Sr. Presidente, Sras. e Srs. Deputados, na semana passada, o Ministério da Saúde apresentou os índices de mortalidade materna no nosso País. Nos últimos 10 anos, o Brasil diminuiu muito pouco o número de óbitos maternos. Em 2010, dados mais recentes de que dispomos, foram 68 mortes para cada grupo de 100 mil bebês nascidos vivos. Em números absolutos, perdemos 1.617 mulheres vítimas da falta de assistência do Estado. É um número muito alto frente ao das nações em desenvolvimento.
A meta estabelecida como um dos Objetivos de Desenvolvimento do Milênio (ODMs) firmados entre o Brasil e a Organização das Nações Unidas (ONU) instituiu redução para até 33 óbitos para cada grupo de 100 mil bebês nascidos vivos. Para cumprir o acordo firmado com a ONU, o Ministério da Saúde teria que garantir uma diminuição de 28 óbitos nos próximos 3 anos. Isso significa prevenir, em média, 9,3 mortes de gestantes ao ano, o que, infelizmente, frente ao ritmo lento com que temos reduzido essas mortes, parece ser um grande desafio.
A Organização Pan-Americana da Saúde (OPAS) considera como “tolerável” uma taxa de mortalidade materna de 20 óbitos a cada 100 mil nascidos vivos. O atual índice do Brasil é três vezes maior.
Para superarmos esse problema é preciso garantir a universalização do acesso ao pré-natal às nossas gestantes, assim como um atendimento humanizado nos postos de saúde, onde essas mulheres começam a ter os primeiros cuidados necessários a uma gestação segura e saudável.
O Brasil está desafiado a cumprir o compromisso assumido.
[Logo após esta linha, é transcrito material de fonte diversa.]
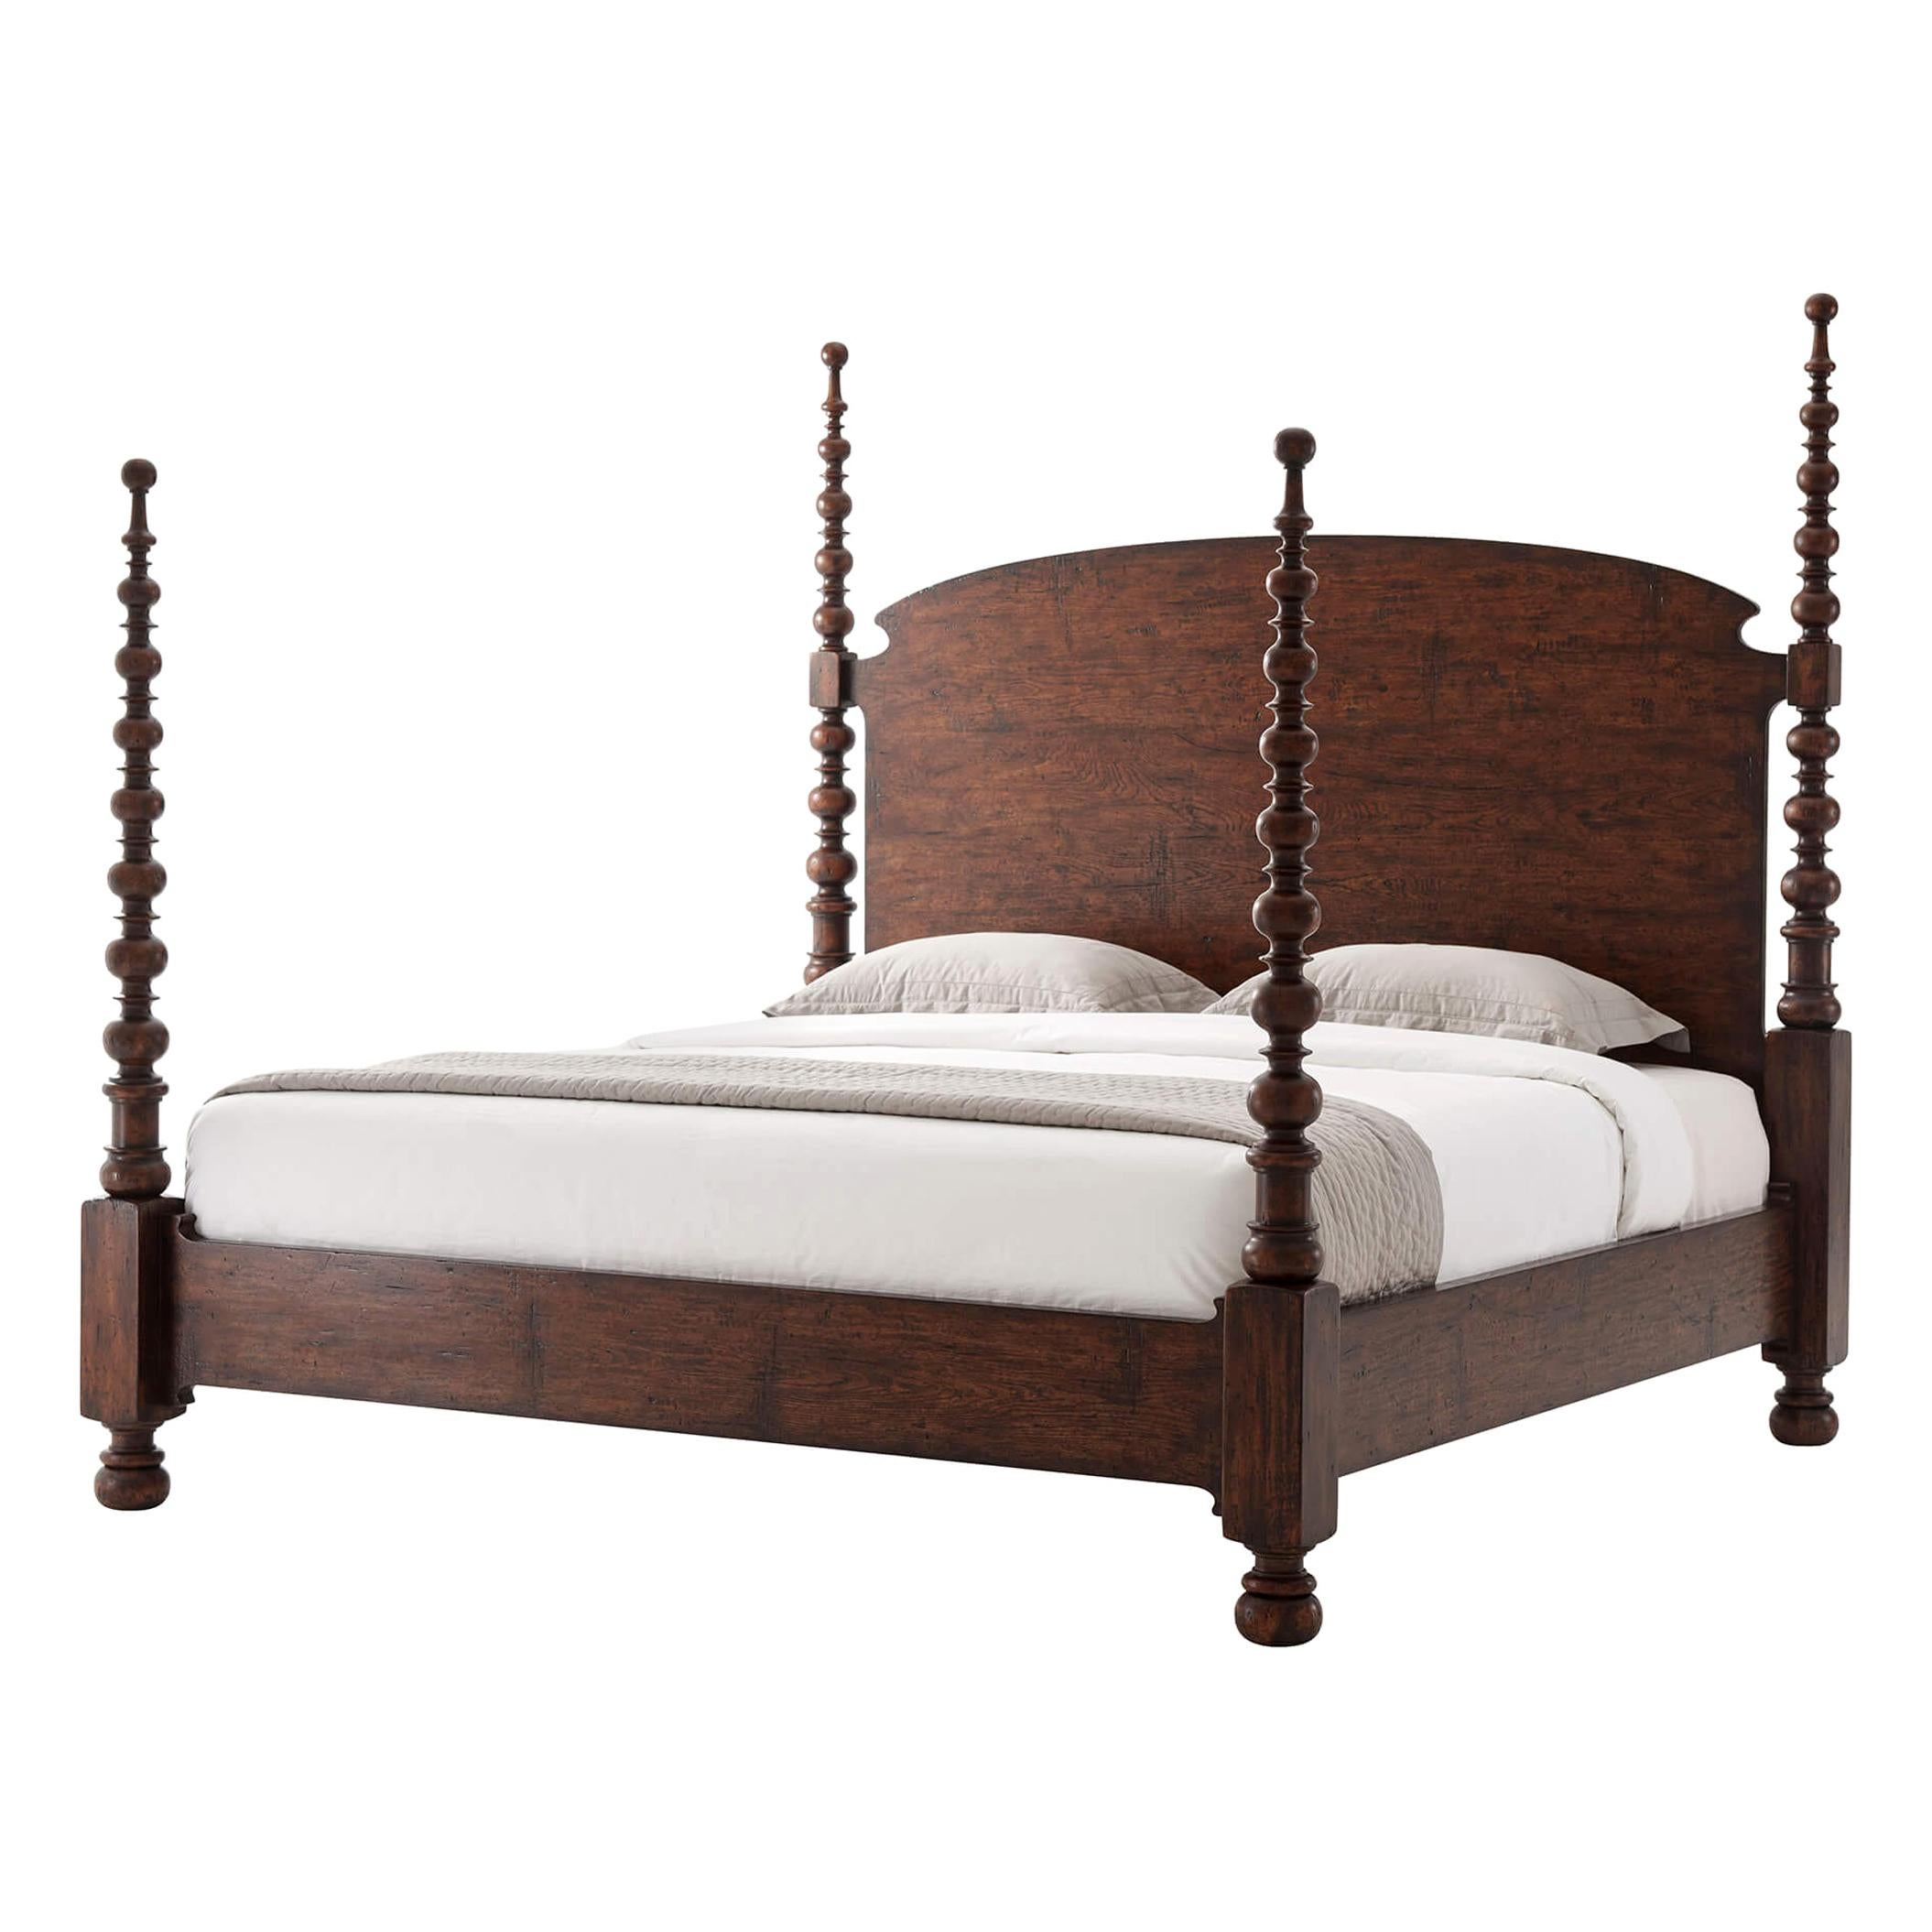 English Country King Bed For At, Country Style King Bed Frames With Headboards

Em primeiro lugar, é necessária a definição clara de políticas públicas e a parte que toca a cada um dos entes federados. E, claro, complementarmente, o engajamento de toda a sociedade na proteção às mães, especialmente aquelas em situação de vulnerabilidade social.
Este é certamente um tema fundamental para as reflexões deste próximo Dia Internacional das Mulheres.
Muito obrigado.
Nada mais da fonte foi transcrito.